▶ Work task:
Repeat the data below exactly, dropping any pictures it holds.

▶ Information supplied:
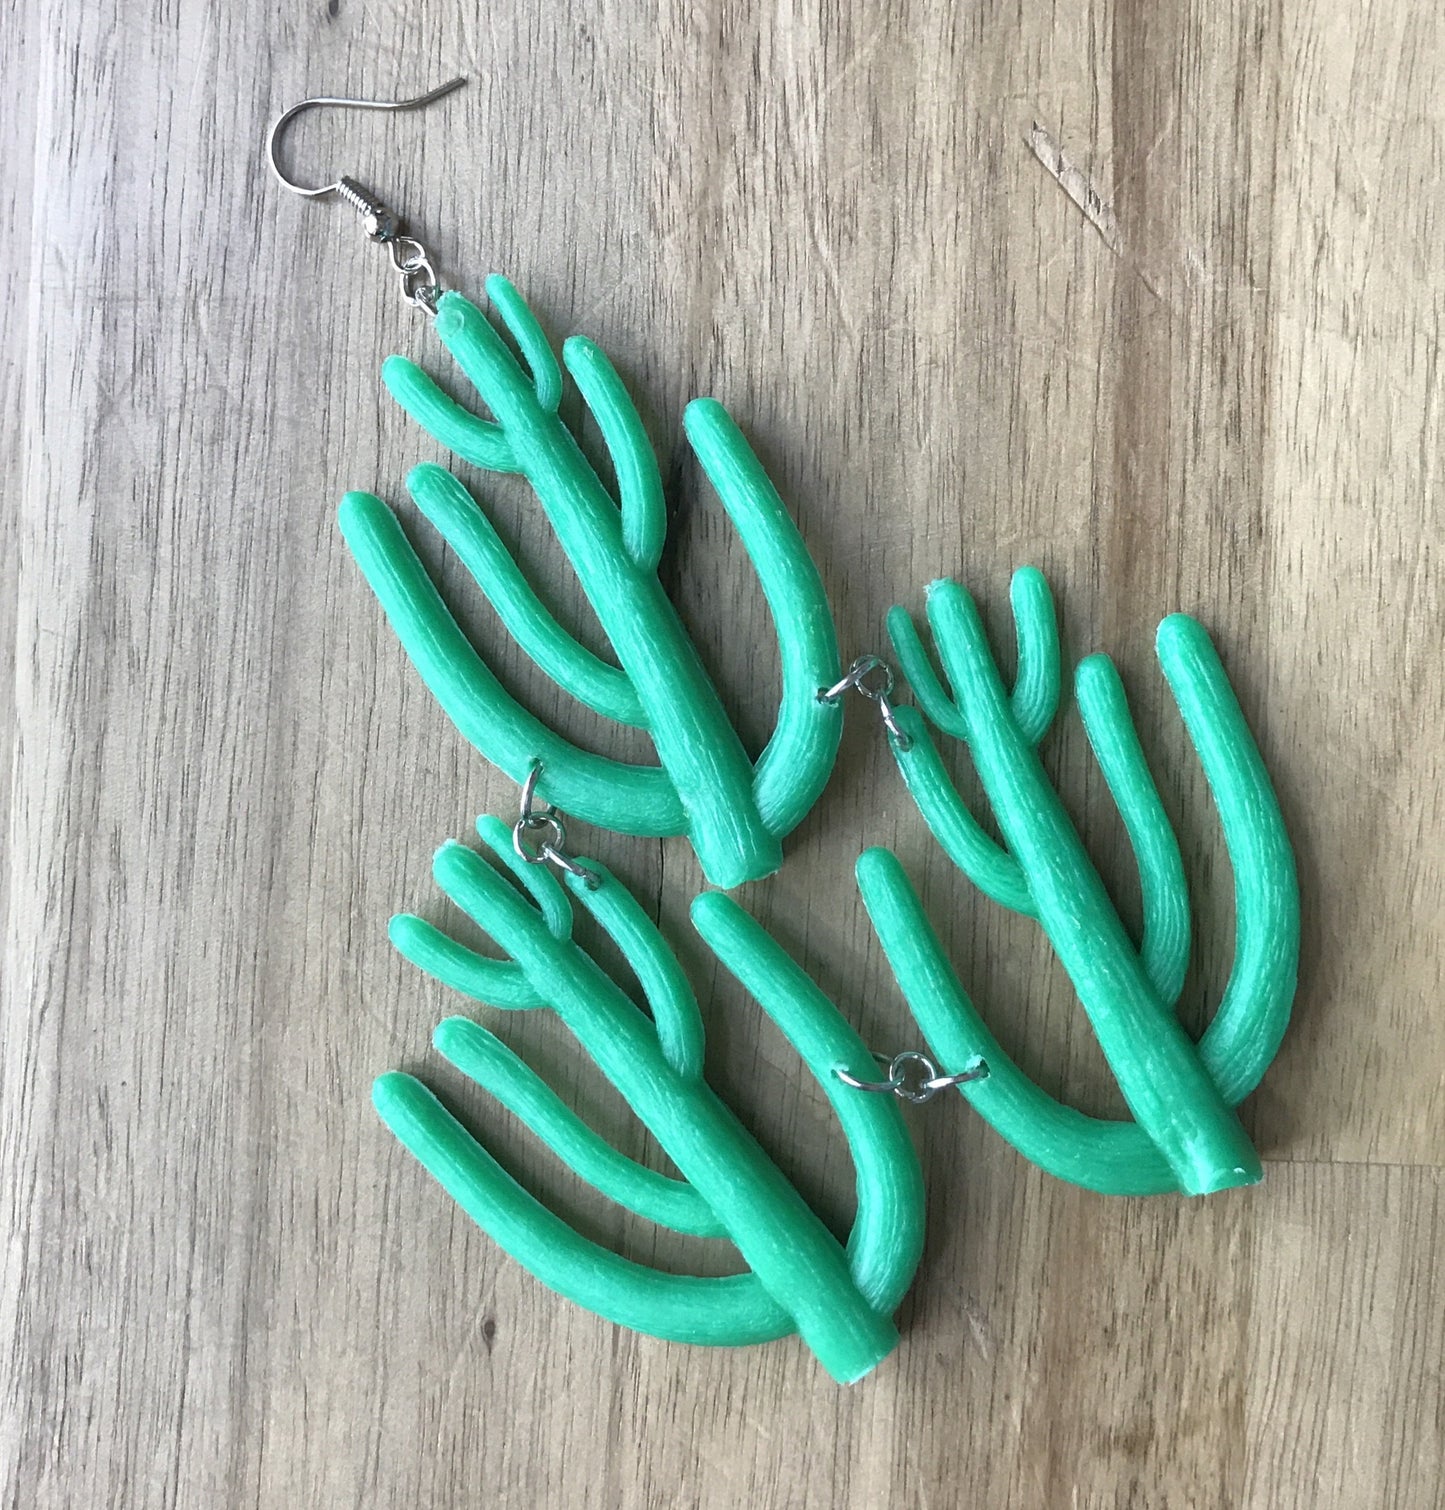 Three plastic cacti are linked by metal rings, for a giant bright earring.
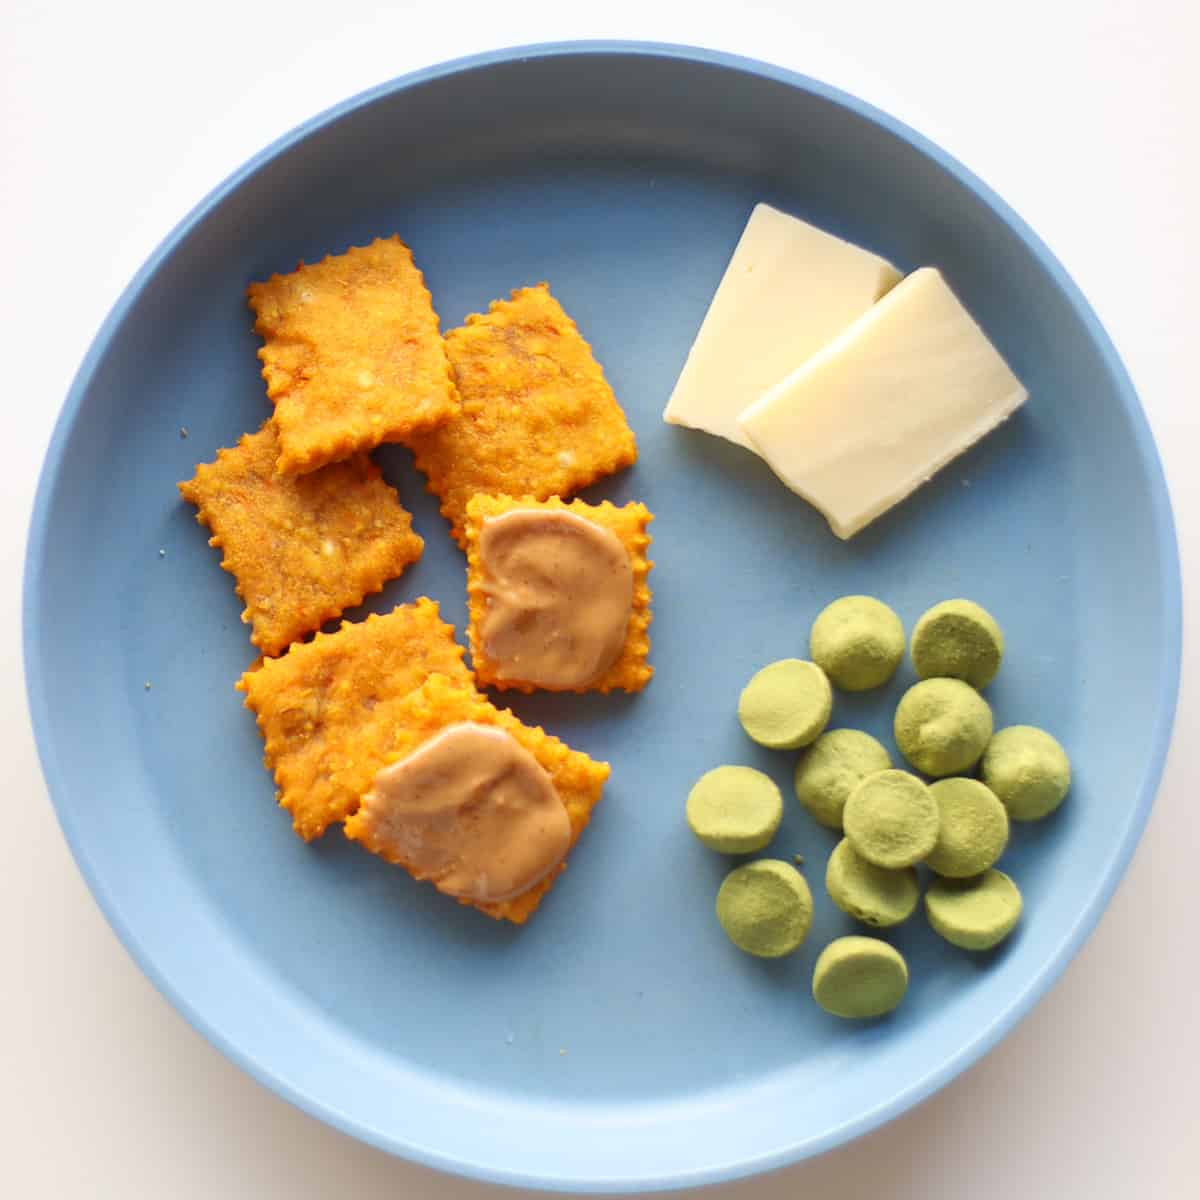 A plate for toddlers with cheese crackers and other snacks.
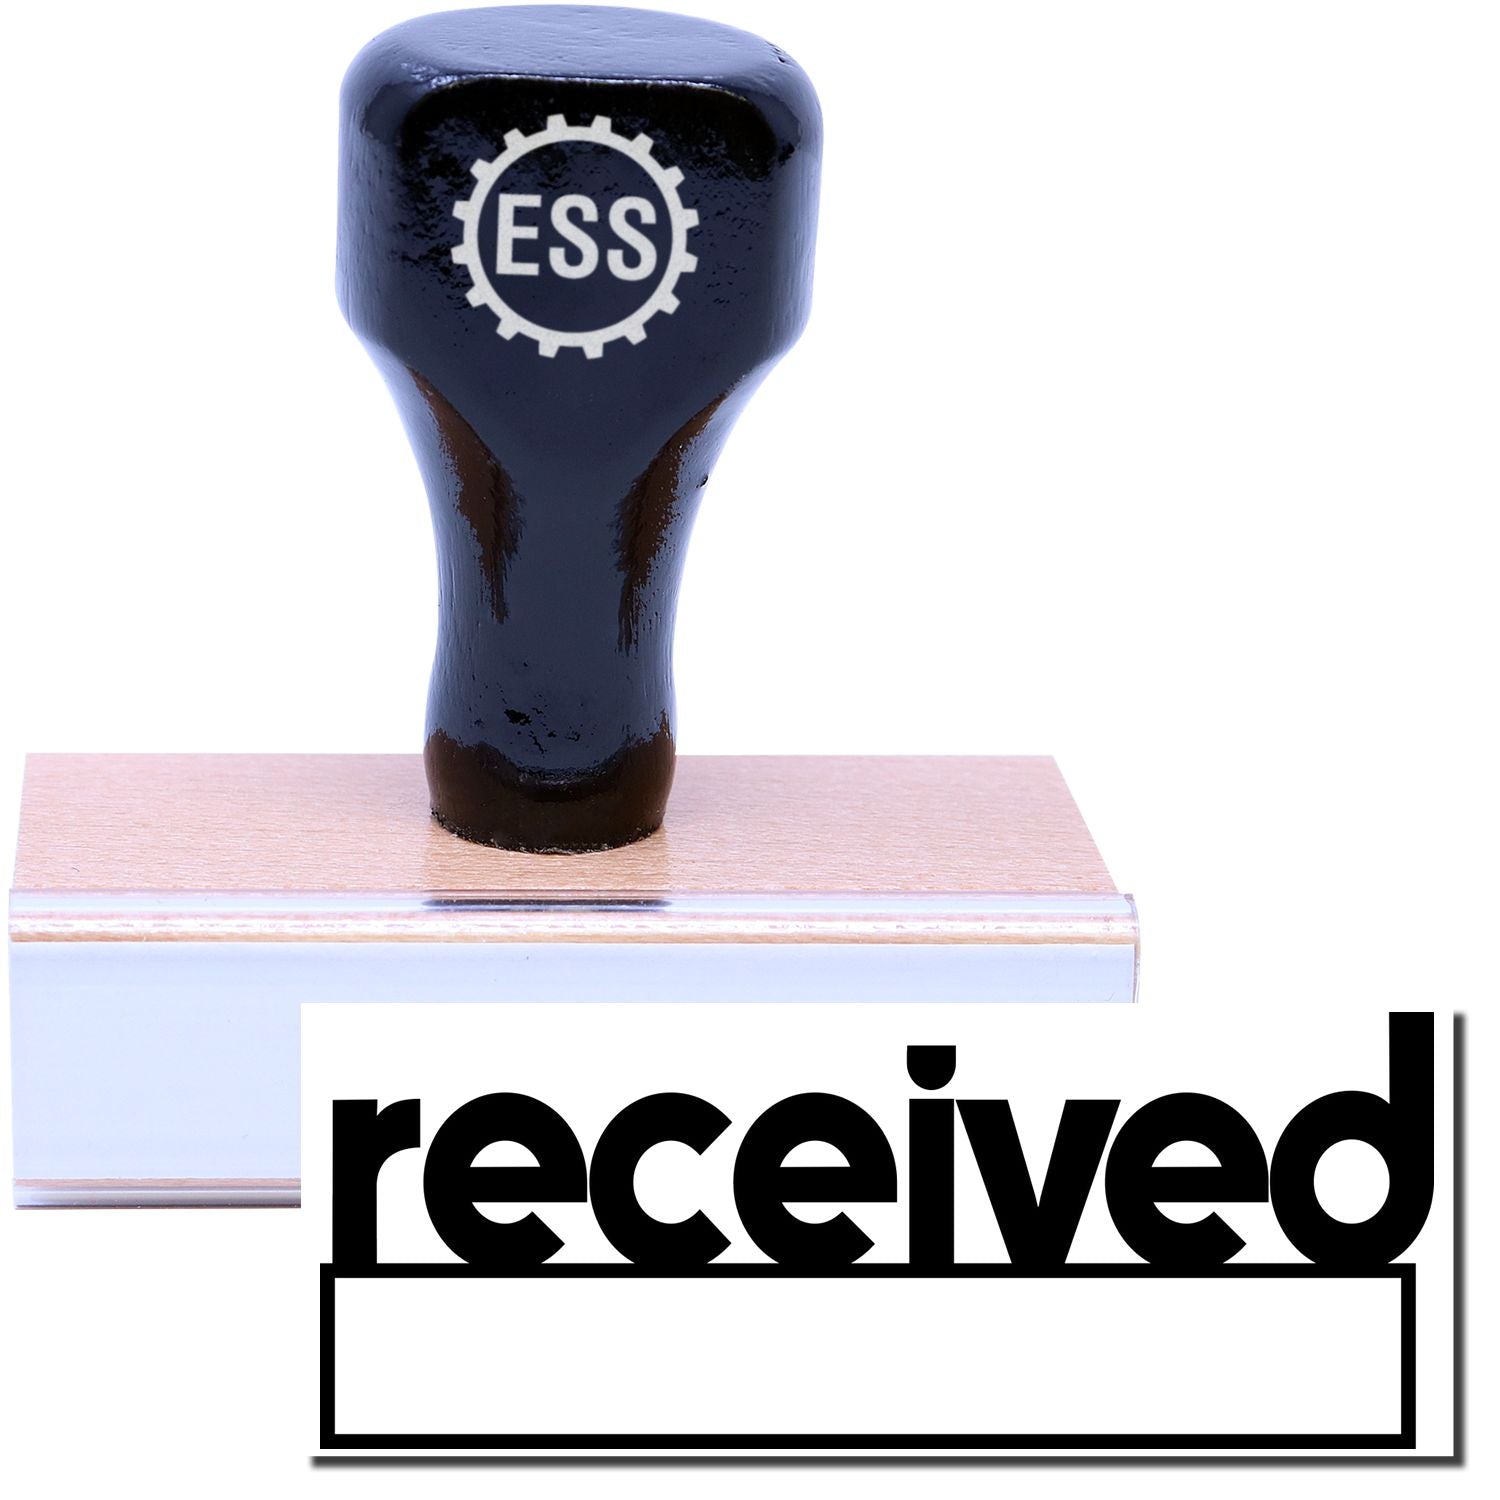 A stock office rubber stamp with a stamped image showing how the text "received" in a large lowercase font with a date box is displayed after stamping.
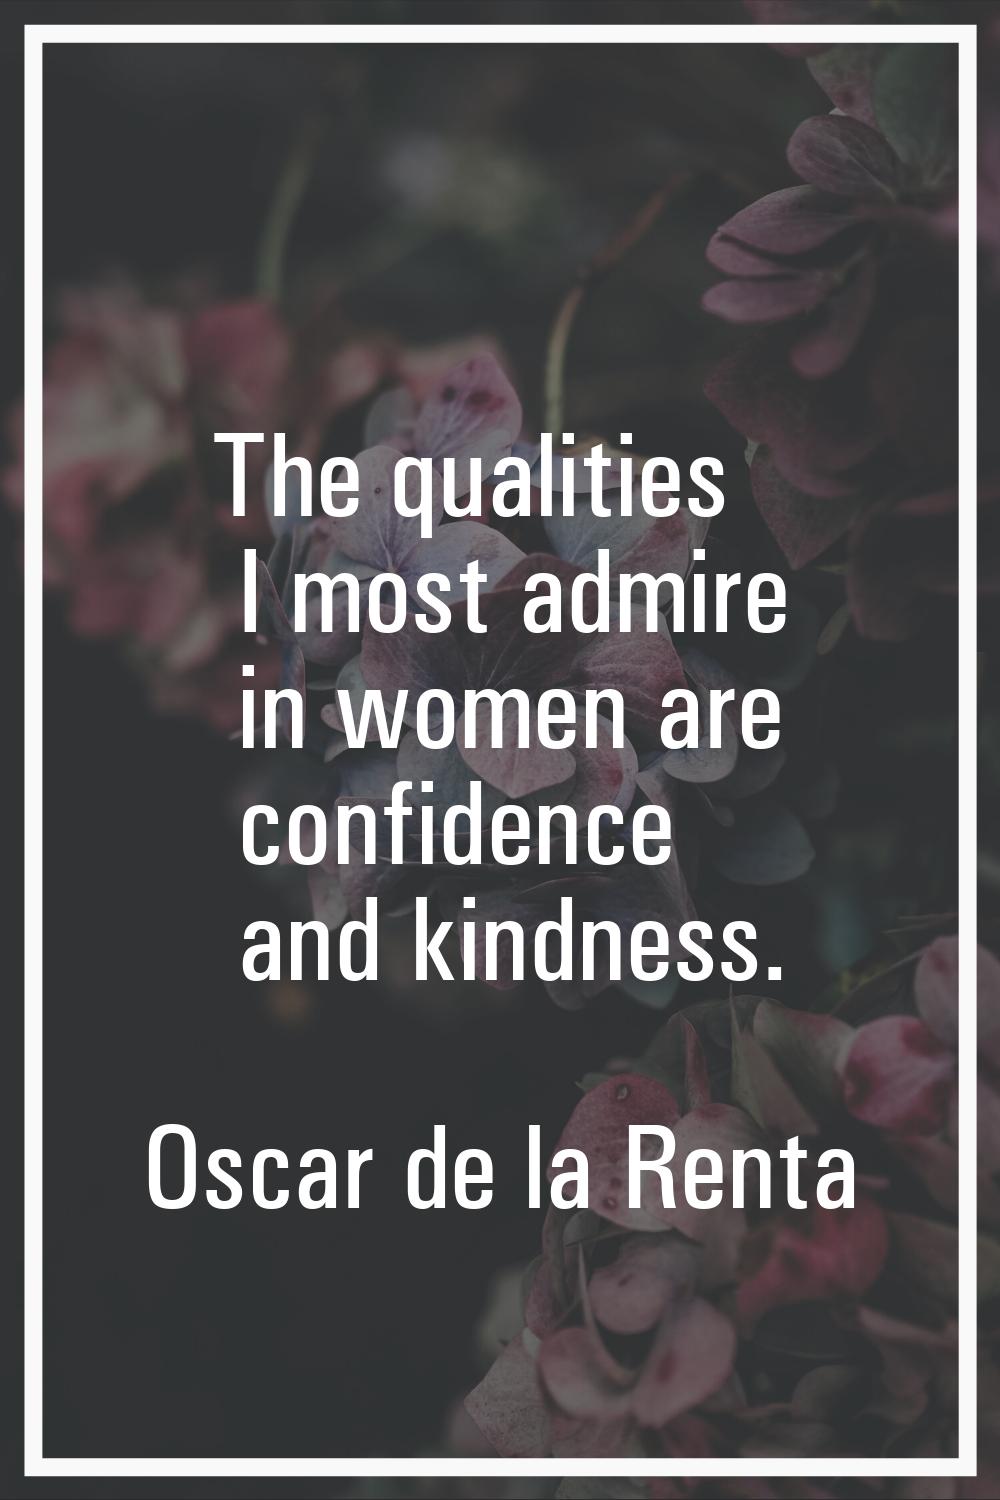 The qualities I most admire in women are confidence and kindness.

▶ Response to this task:
 Three plastic cacti are linked by metal rings, for a giant bright earring.
 A plate for toddlers with cheese crackers and other snacks.
 A stock office rubber stamp with a stamped image showing how the text "received" in a large lowercase font with a date box is displayed after stamping.
 The qualities I most admire in women are confidence and kindness.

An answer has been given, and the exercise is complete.